When do you pray? Jesus prayed the first thing each morning. For some, the question might be, “Do you pray?”
The great Biblical characters we so often look to as examples of Godliness, prearranged their schedules to give God the first hours of their day.
• Abraham rose early in the morning to worship. Gen. 2:3
• Jacob rose early in the morning to make his vows. Gen. 28:18
• Joshua rose early in the morning to sanctify himself. Josh. 3:1
• Gideon rose early to seek God’s answer. Judges 6:38
• Samuel rose early to ask for guidance. I Sam. 9:26
• David rose early in the morning to battle for God. I Sam. 17:20
• Jesus rose early to spend time with His Father. Mark 1:35
This kind of prayer calls for solitude and silence.
Dr. F. E. Marsh put it this way, “The shining face of Moses did not come from a hurried call to heaven’s gate; it was obtained by dwelling in the Lord’s presence for forty days”.
Please understand that I am not throwing stones of guilt at you. I am simply challenging and reminding us, myself included, of the priority and privilege of prayer. Church, can we say with Christ’s disciples, “Lord, teach us to pray”? (Luke 11:1)
“And let us consider one another in order to stir up love and good works, not forsaking the assembling of ourselves together, as is the manner of some, but exhorting one another, and so much the more as you see the Day approaching.”
Growing up as I did in the home of Christian parents and the home of a Baptist deacon, I attended church regularly. Actually, it was beyond regularly. You see, when I was a child we attended Tuesday evening Youth Meeting, Wednesday evening Prayer Meeting, Saturday evening Evangelistic Service, Sunday morning Sunday School, Sunday morning Worship Service, and Sunday evening Worship Service. Whew, I’m tired just thinking about it.
However, if I had it to do over again, I would not change a thing because, among the many things I learned about the Bible, I also learned to worship. I had the wonderful privilege of sitting with my parents and observing them and others worship Christ from the heart. Ironically, it was at a Sunday evening worship service that I gave my life to Christ!

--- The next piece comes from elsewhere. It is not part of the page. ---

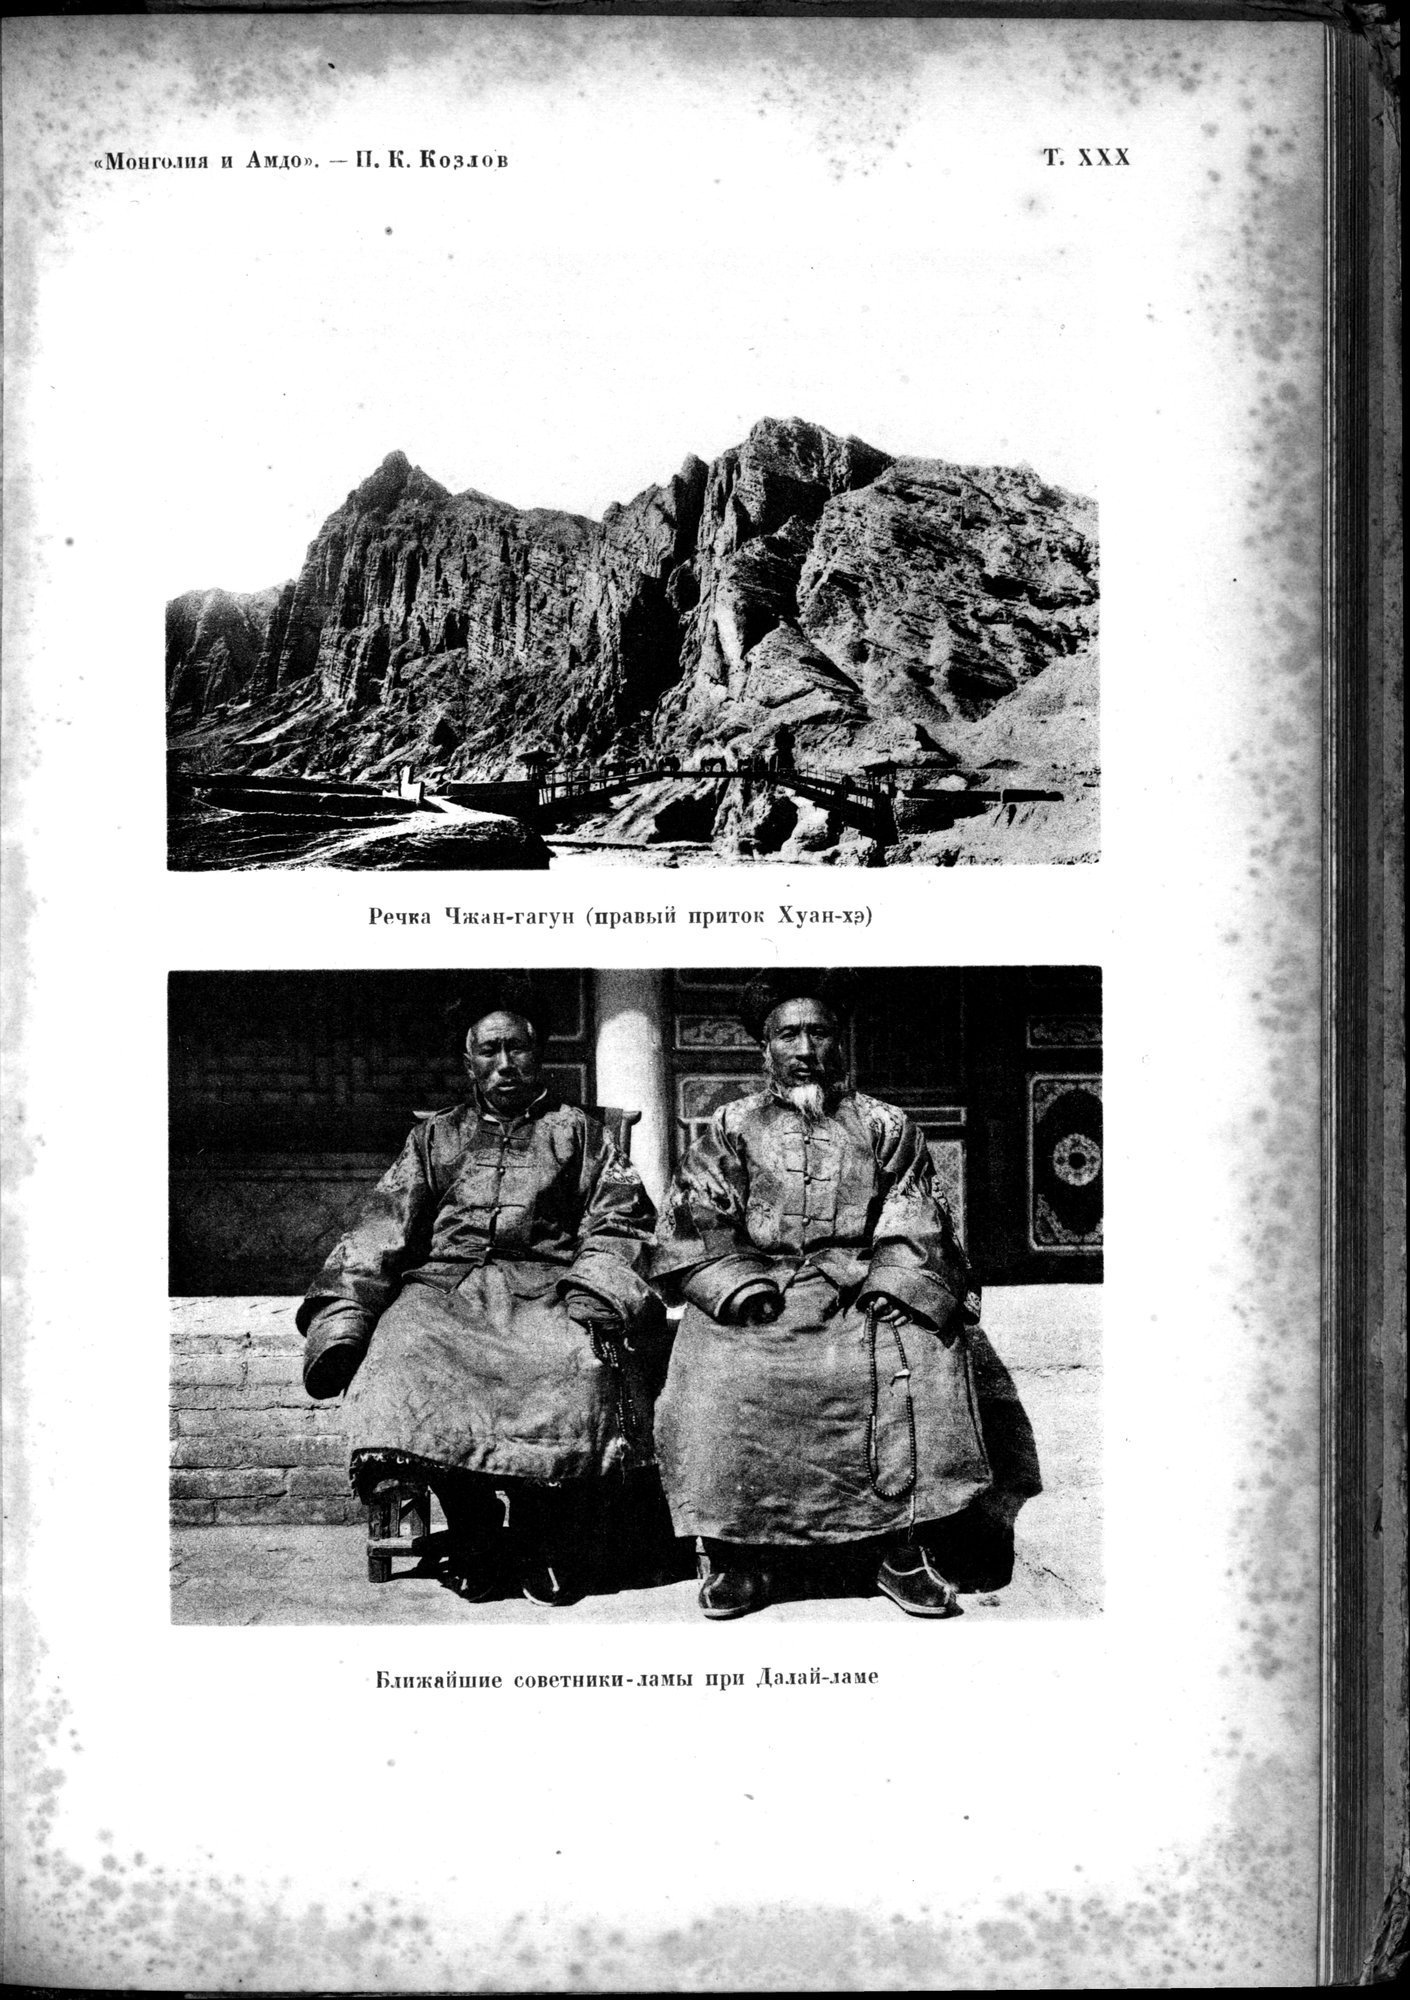 Mongoliya i Amdo i mertby gorod Khara-Khoto : vol.1 / 561 ページ（白黒高解像度画像）

Obviously, my parents and the leaders of the church where I grew up were familiar and obedient to the passage above. They did not “forsake the assembling” of themselves together and for that I am thankful.
The interesting part of the passage to me is the phrase, “and so much the more as you see the Day approaching”. Apparently, church attendance – the fellowshipping of ourselves together as believers – is more important today than it was when I was growing up in the 50’s and 60’s. The reason is obvious. It is because we are closer to that approaching “Day” than ever. That “Day”, refers to the day of the return of Christ and all that follows.
If this is indeed true, and it is, why is the attendance of the average church member so sporadic, so erratic? Is it really too much to expect those who claim the Name of Christ to attend church regularly, unless providentially hindered. Is attending every Sunday now so out of the ordinary that those who do so are seen as Super Saints?
I certainly understand that there are times when it is impossible to attend. Sometimes sickness, travel, work, and other interruptions keep us from attending as much as we would like. However, that should be the exception – that providential hindrance to which I referred earlier.
“Are we going to Church today?” is a question that should never be asked in the committed Christian’s home. Faithful attendance to the house of God should be such a pattern in your home that your family and friends know exactly where you will be at church time.
Yes, church attendance is more important today than ever. Let’s make obedience to the Lord in this matter a priority. Not only will you be blessed but God will also be glorified!
Pastor David Boggs
I hope these occasional posts will encourage and challenge you as we grow in Christ together.